Training and feature reduction for PPIscreenML.

(A) Receiver operating characteristic (ROC) plot demonstrating classification performance on a completely held-out test set, for an XGBoost model using 57 features. (B) The number of features was reduced using sequential backwards selection, from 57 features to 7 features. (C) Classification performance of PPIscreenML (7 features) on the same completely held-out test set.

Classification performance of PPIscreenML relative to pDockQ and iPTM.

The same test set is used here. These complexes were not seen in any phase of developing PPIscreenML, but may have been used in developing pDockQ or iPTM. (A) Receiver operating characteristic (ROC) plot shows superior performance of PPIscreenML relative to these other two methods. (B) Overlaid histograms show clear separation of actives and decoys scored using PPIscreenML. (C) Overlaid histograms show overlapping distributions when models are scored with pDockQ or iPTM.
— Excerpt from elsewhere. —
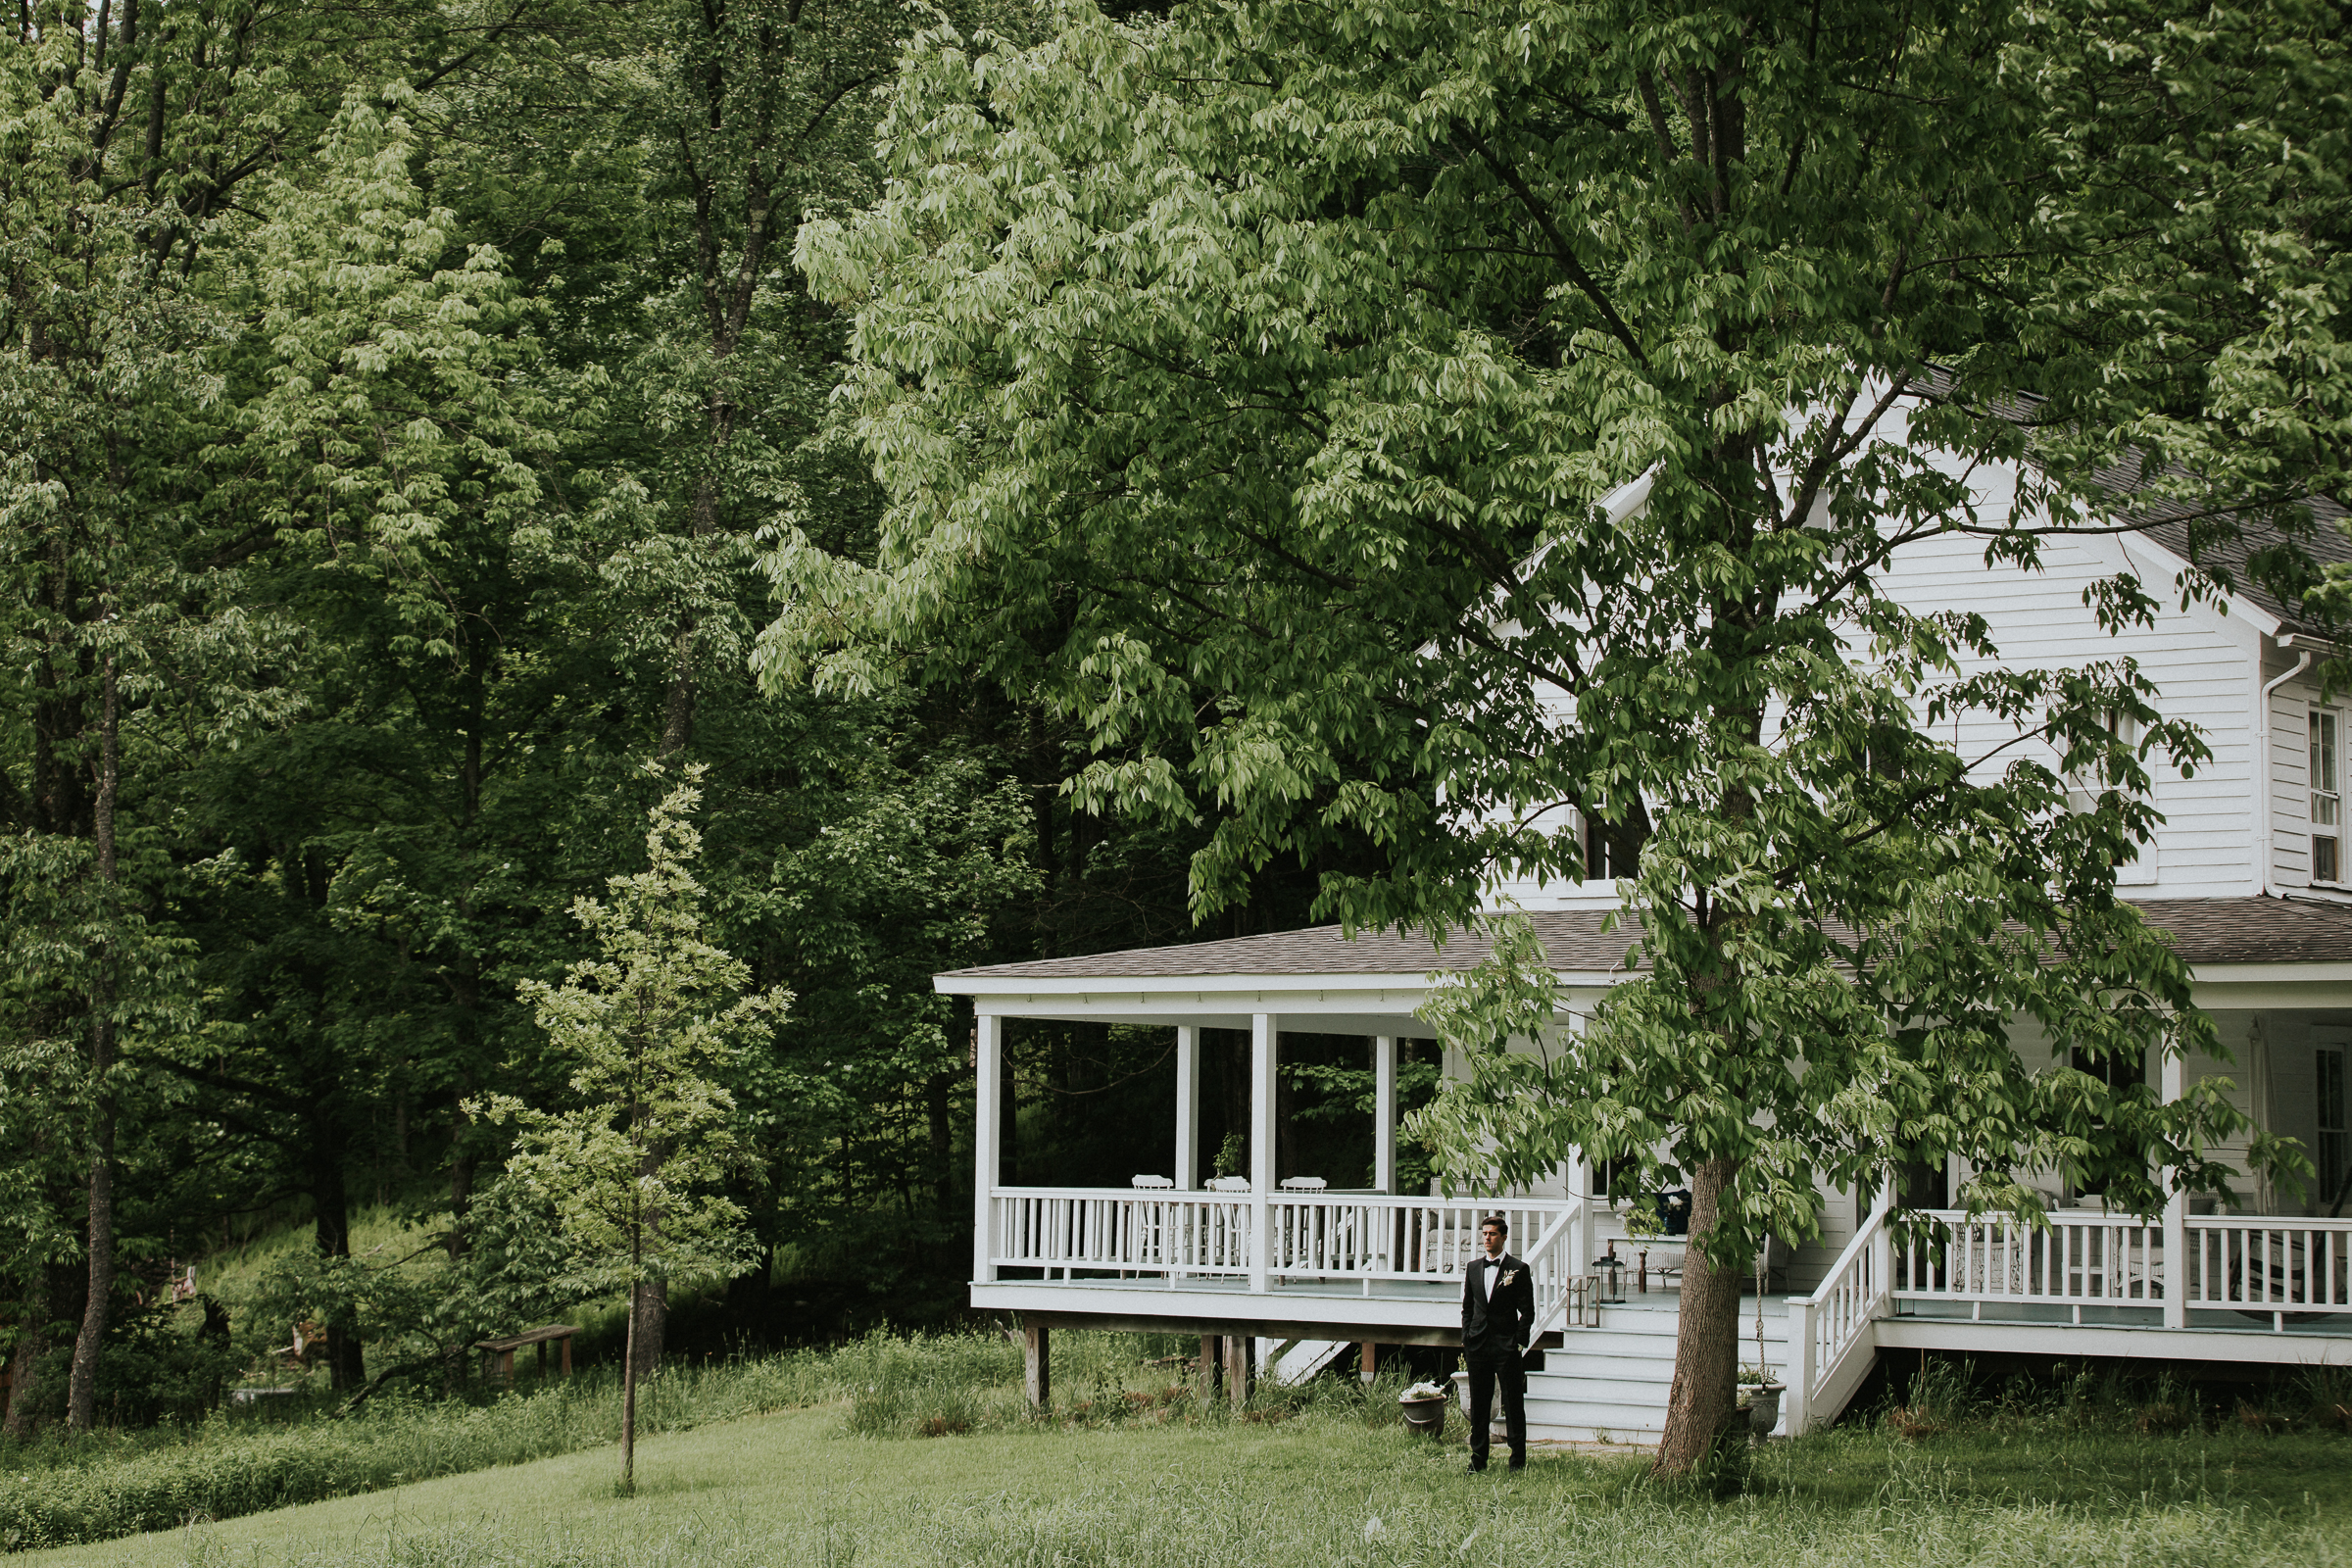 Handsome-Hollow-Long-Eddy-Catskills-New-York-Fine-Art-Documentary-Wedding-Photographer-25.jpg
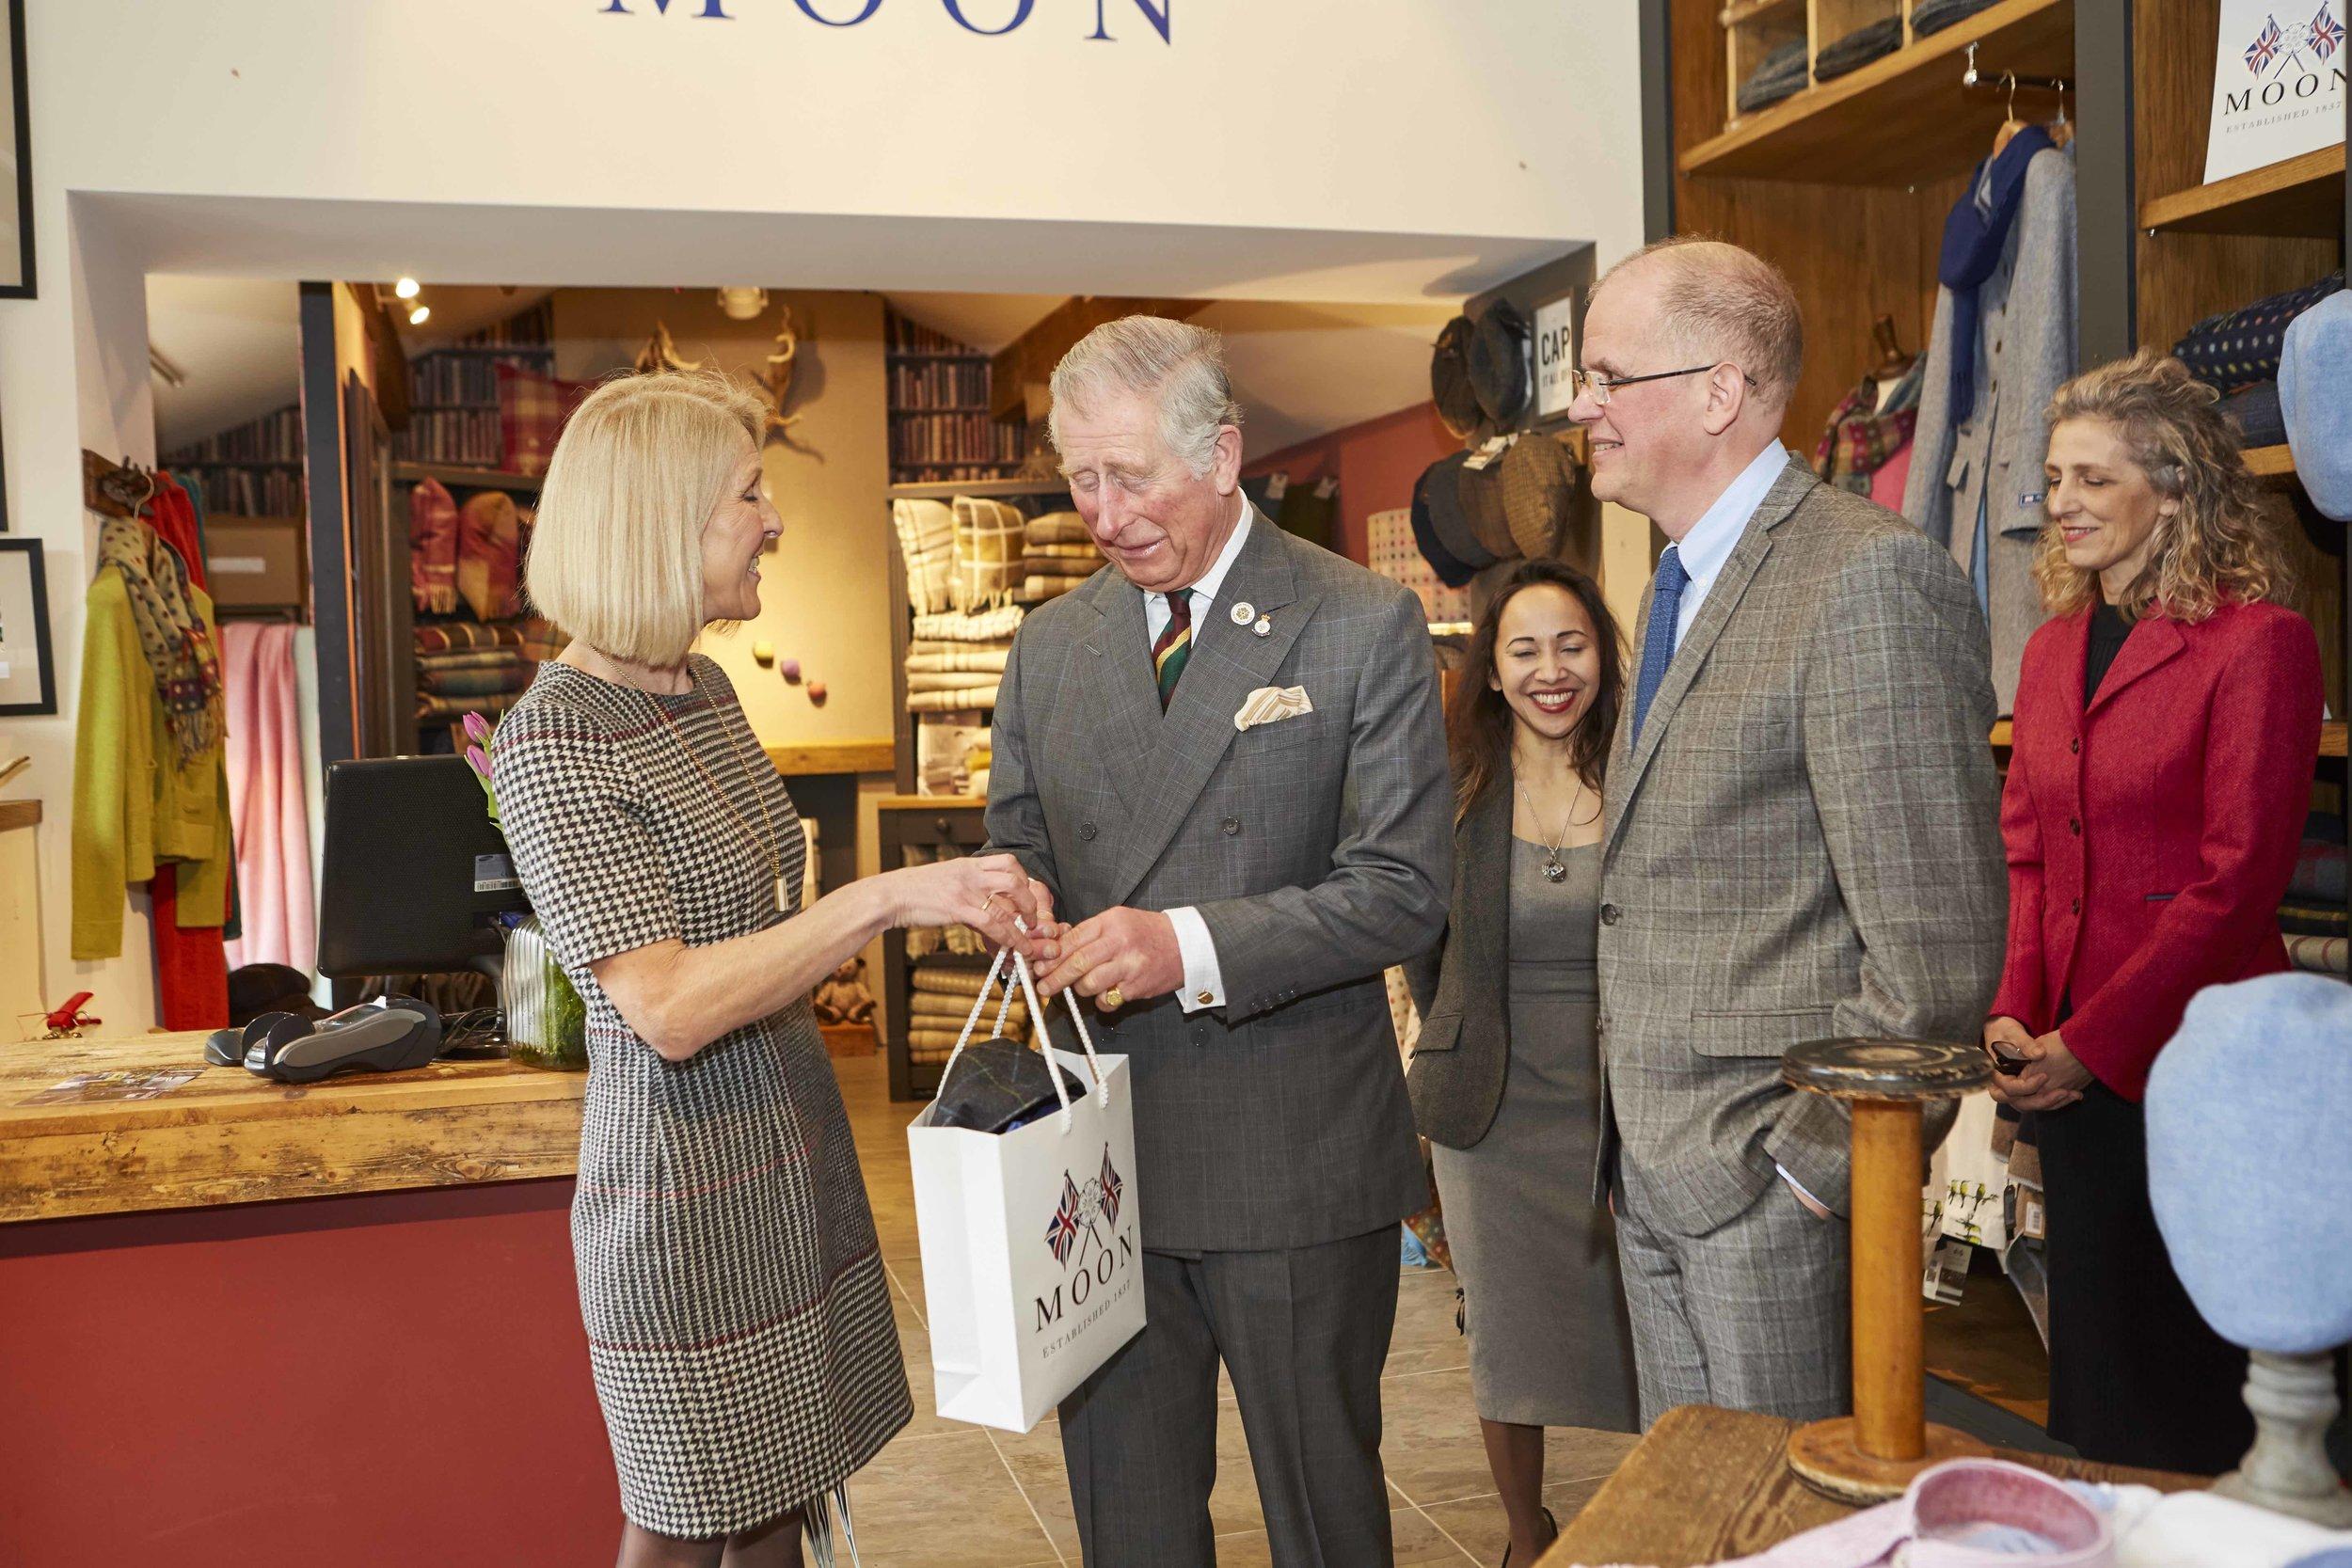 HRH Prince Charles receiving his Kempadoo Grey/Turq check tweed cap.

Performance of PPIscreenML using various threshold values.

By adjusting the threshold score at which a test complex is assigned as active/decoy PPIscreenML can be used in regimes that prioritize returning only the most confident pairings (a high threshold score yields high precision but poor recall) or in exploratory regimes that return more speculative pairings as well (a lower threshold score yields high recall but poorer precision).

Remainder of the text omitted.